This is quite lengthy story but I will do my best to condense it.

 

My girlfriend and I broke up about 2 months ago. We had been dating for on and off for over a year. We have been friends for over 3 years. About 6 months prior to going out with me she had just finished a 6 year relationship and at the the start of our reltionship things were tough for me as she was still not completely over him. Matters were more complicated by the fact that my brother and her had had a one night affair (I only knew they had kissed when I entered into the relationship) very soon after she split with her ex.

 

Problems really began when about 3 months (!!) into the relationship my gf finally told me there had been more to the one night affair than i first thought. They had ended up having oral sex and although i felt I could handle this what I found hard to accept was how hurt she still was about it, she felt she had been used by my brother and on the face of things it did seem quite bad.

 

I decided the best way to solve this was to confront my brother and try and resolve this completely for all our sakes. Unfortunatley my brother had not thought he had done anything wrong and so we had a huge argument and fell out. At the same time I contracted a prostate infection that meant I was put on antibiotics (which I have now found cause me depression). I should also mention at this time my Dad was displaying short term memory loss problems, my Mum had cancer, I had moved house and started a new job recently.

 

Eventually I got my brother to realise that he had hurt her and he apologized for this.

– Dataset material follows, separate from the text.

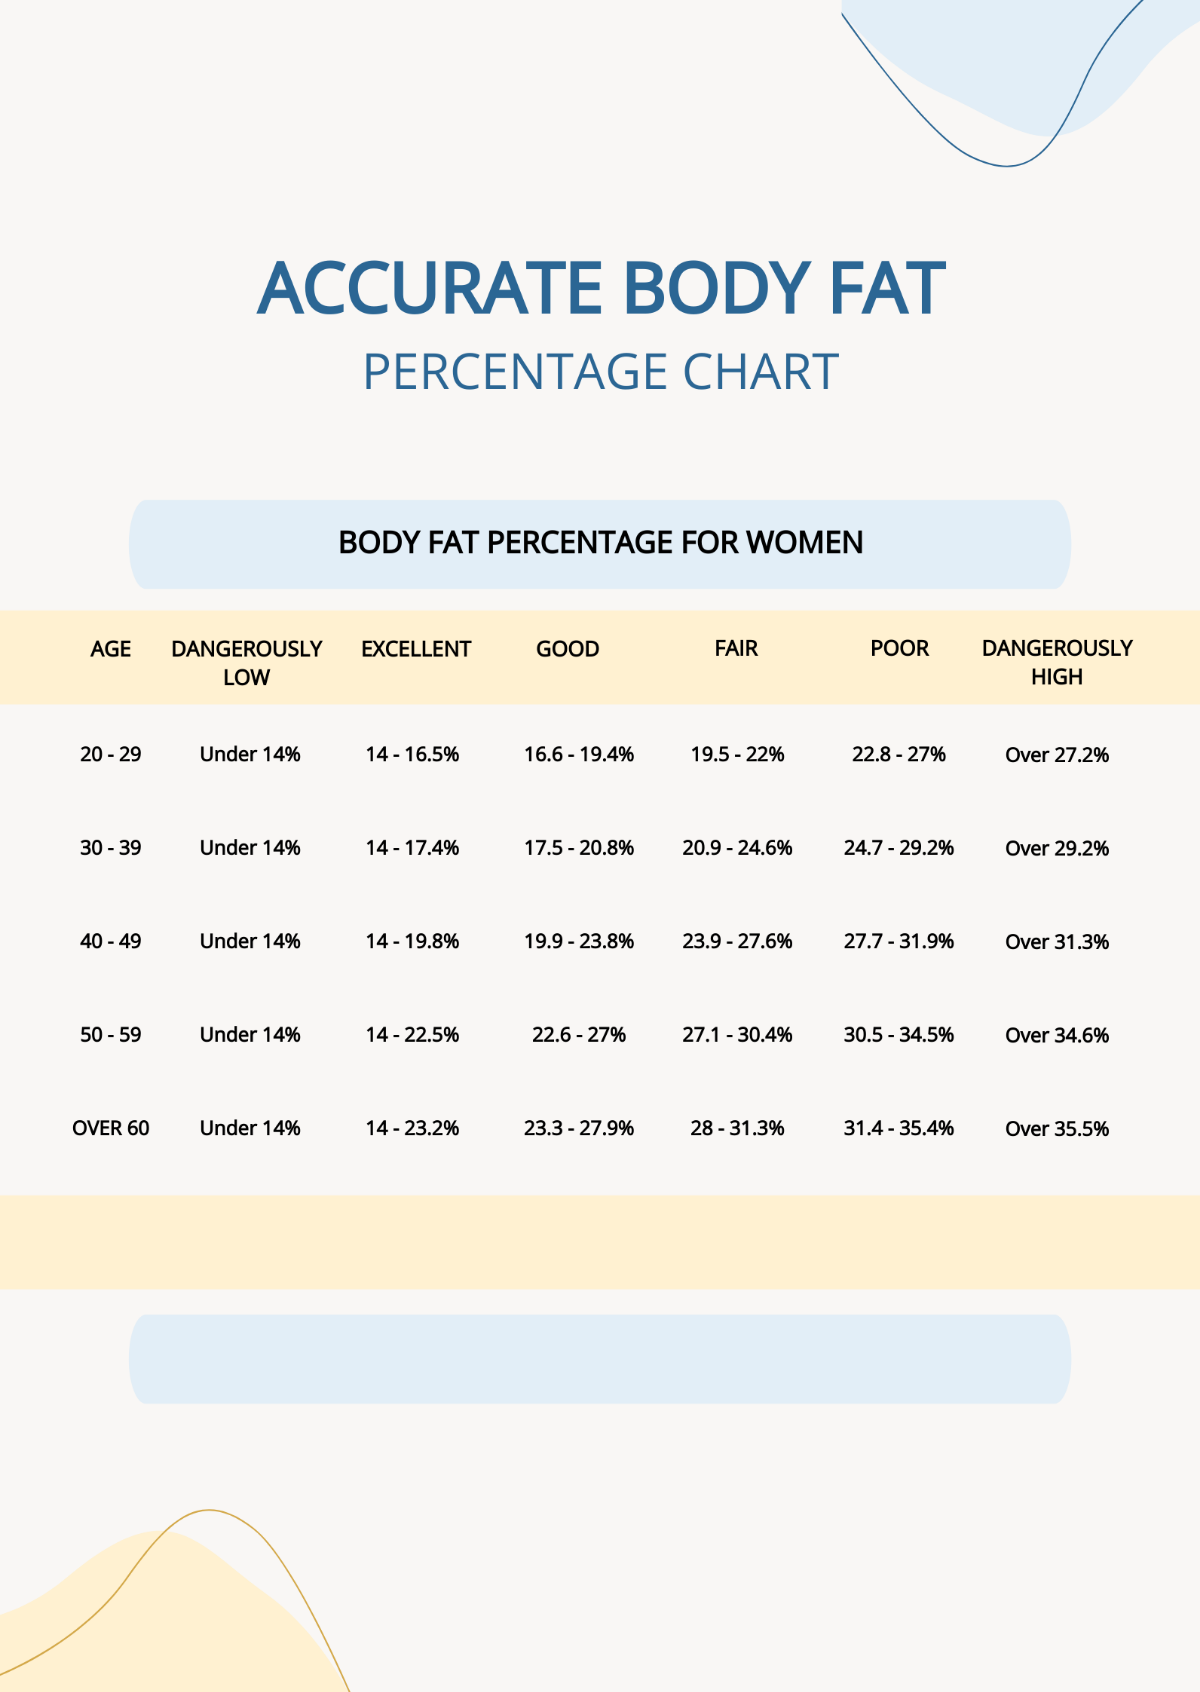 Accurate Body Fat Percentage Chart Template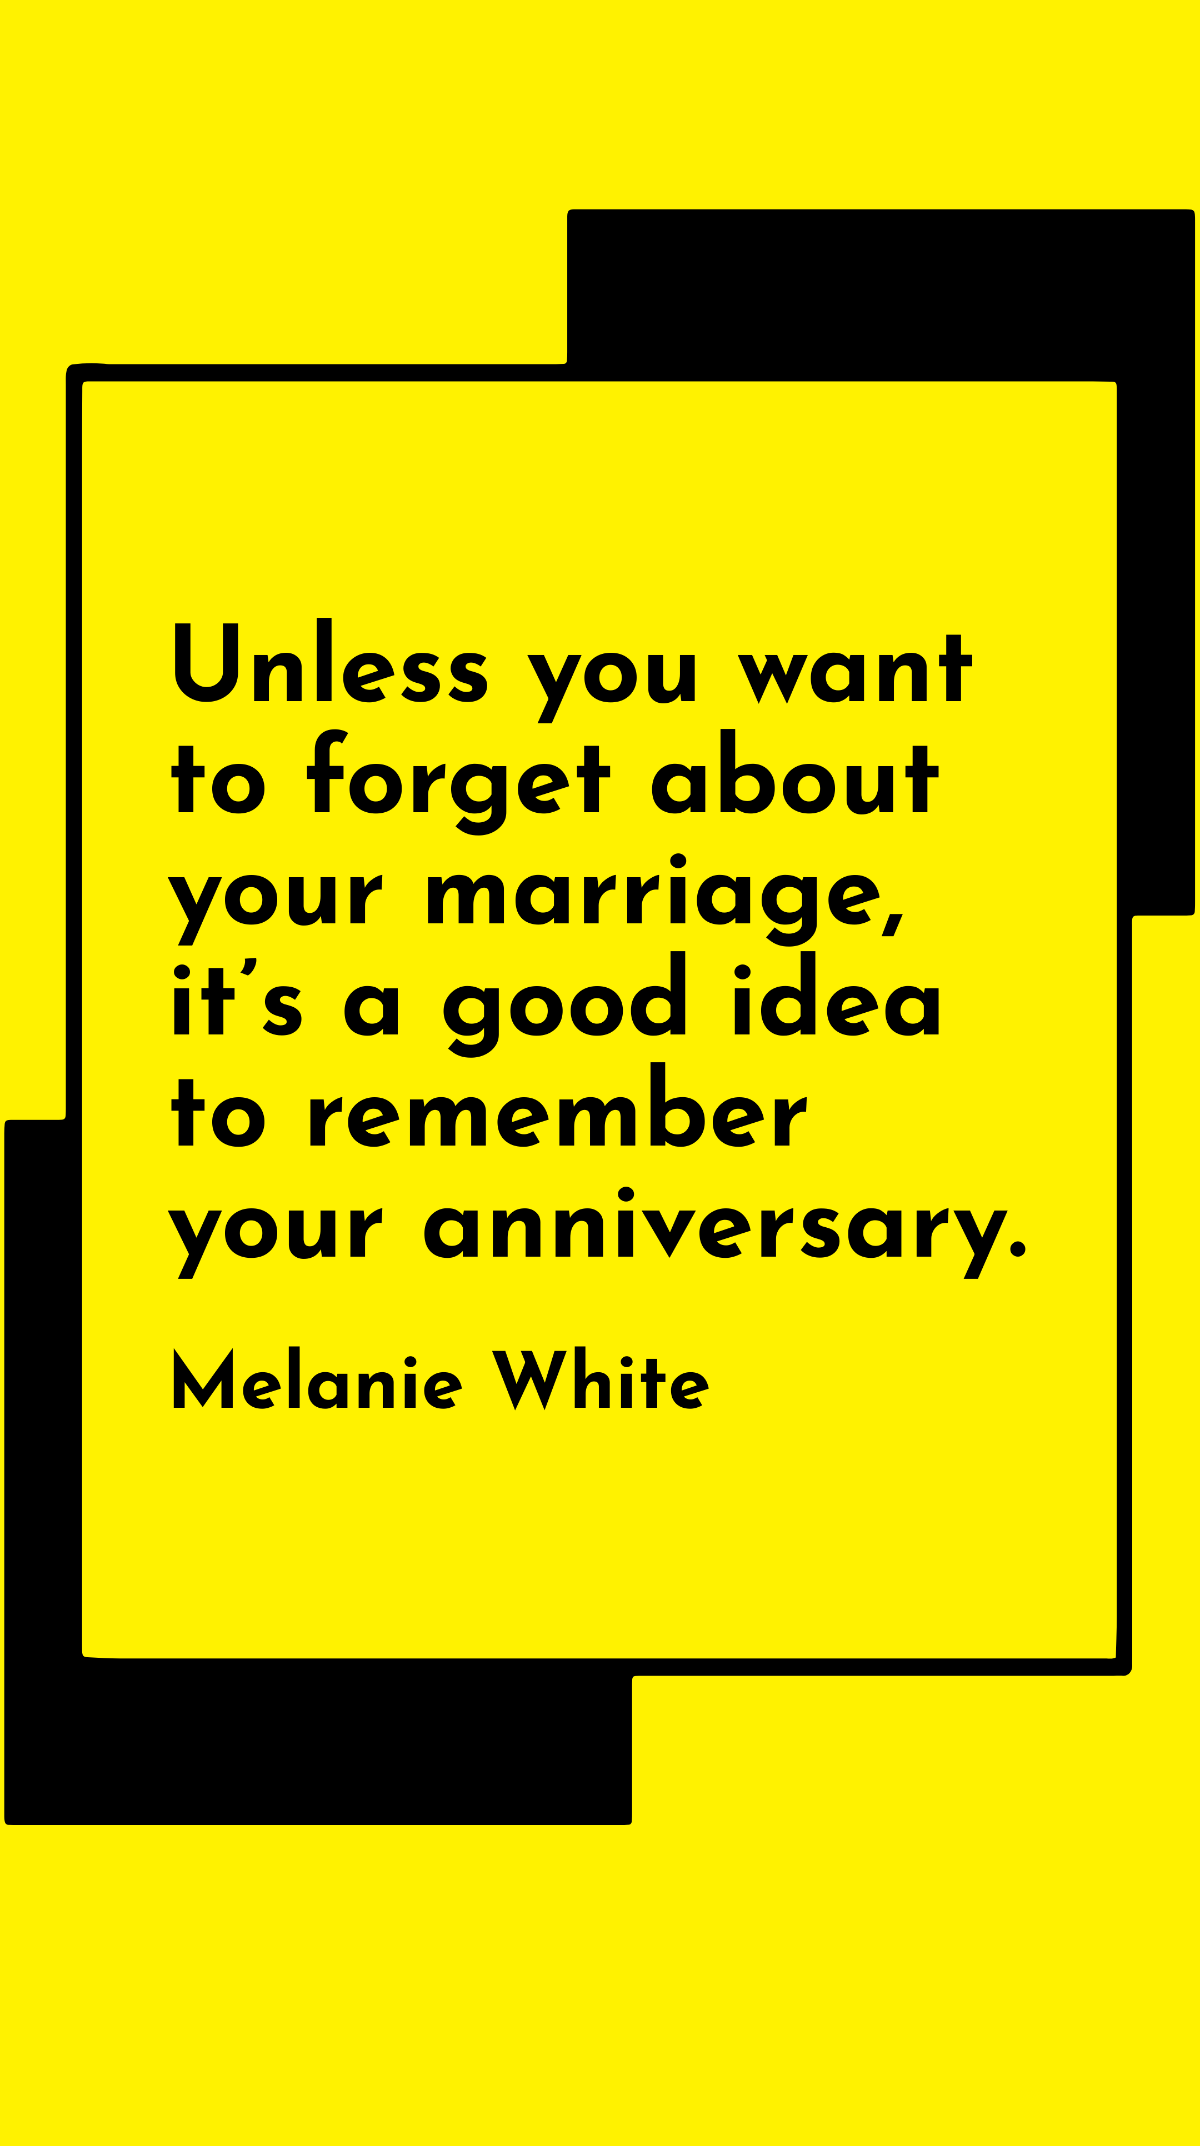 Free Melanie White - Unless you want to forget about your marriage, it’s a good idea to remember your anniversary. Template

My gf did not really take his apology too well, she was very critical to me about him, but was completely fine when they would see each other which I thought was totally two faced. (we are all friends in the same group - I by this time was not goin out much because I was finding it so hard to deal with). My brother also told me he would speak to her and apologize to her directly.

 

I waited but he did not apologize to her face, I think maybe we had miscommunicated but the final straw came when my girl friend made a higly unfair and critical comment about him to

me. Something inside me snapped and I sunk into a deep depression where I didnt go out and didnt want to see anyone. Finally my brother spoke to her and apologized to her directly, she replied she was fine with it all!!

 

By this time my deression was so bad that I lost all feeling for anyone, I felt numb and my feelings for my gf vanished. My depression had probably lasted for 2 months. I split up with her and sought medical help, which did seem to do the trick and within a few months I had bounced back to health.

 

With the return of my health I felt my feelings for her return, and persuaded her to give it another go. Things started out really well but again because I was still having prostate problems I went into hospital and then was put back on antibiotics. At the same time my Dad was diagnosed with Alzheimers. I sunk into depression again. I did not want to go out as much as she did and when we did i was down with grief about my Dad. She started to blame me and say I had a choice of how i felt. She went away to a conference and on her return she said someone had asked her out and she didnt know why she hadnt said yes. That really hurt, and i think at the time just pushed me further down. Not long after this she split up with me, she said I overreacted, she couldnt handle my grief and she needed to be selfish. I was so numb that it didnt sink in for weeks. I tried to persuade her that I was recovering (this time I had only been down fo a few weeks), that these were extraordinary circumstances. She turned it all around trying to suggest I was a depressive person (my counsellor told me this is rubbish), that I was introverted and basically started digging up the past trying to fit it with why i was suffering from depression now. She also said she still felt awkward about my brother and wondered what he had told his new gf!!!!

 

The split has not done me any good, I have sunk even further down, especially when she brought her new bf out. I have cut all ties but she has all the same friends as me. I dont know what to do as i dont think i can handle seeing her out again. I am still trying to make sense of the past year, any ideas on how i can cope seeing her out?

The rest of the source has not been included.